Step 1 ：This problem involves the principle of conservation of momentum. The momentum before the gravel starts falling into the car is equal to the momentum after the gravel has fallen into the car.

Step 2 ：The initial momentum is the mass of the car times its velocity.

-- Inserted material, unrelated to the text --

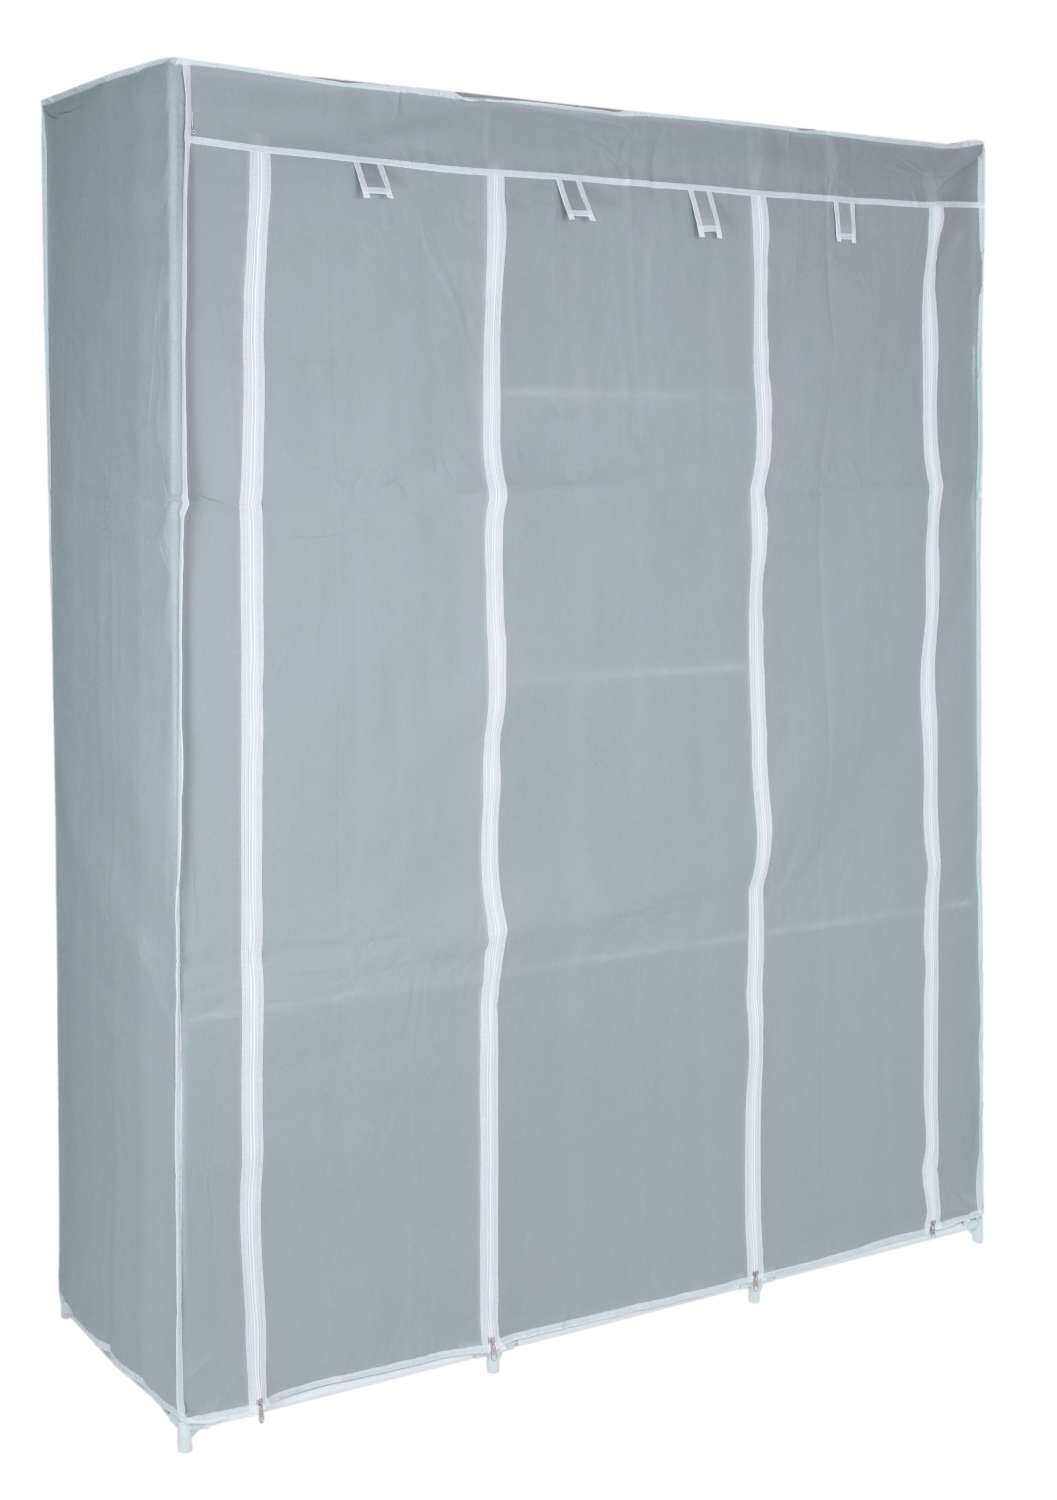 Garderoba tekstylna z 8 półkami SONIA szaro-biała wzór MONSTERA

The final momentum is the total mass (mass of the car plus the mass of the gravel) times the final velocity.

Step 3 ：We can set up the equation as follows: \(m_{car} * v_{initial} = (m_{car} + m_{gravel}) * v_{final}\)

Step 4 ：Given that the mass of the car \(m_{car}\) is 2190 kg, the initial velocity \(v_{initial}\) is 2.79 m/s, the time \(t\) is 2.97 s, and the rate of gravel falling is 457 kg/s, we can calculate the mass of the gravel \(m_{gravel}\) as \(t * rate\), which equals 1357.29 kg.

Step 5 ：We can then substitute these values into the equation and solve for the final velocity \(v_{final}\).

Step 6 ：The final velocity \(v_{final}\) is approximately 1.72 m/s.

Step 7 ：Final Answer: The car's speed after the loading is completed is \(\boxed{1.72 \, \text{m/s}}\).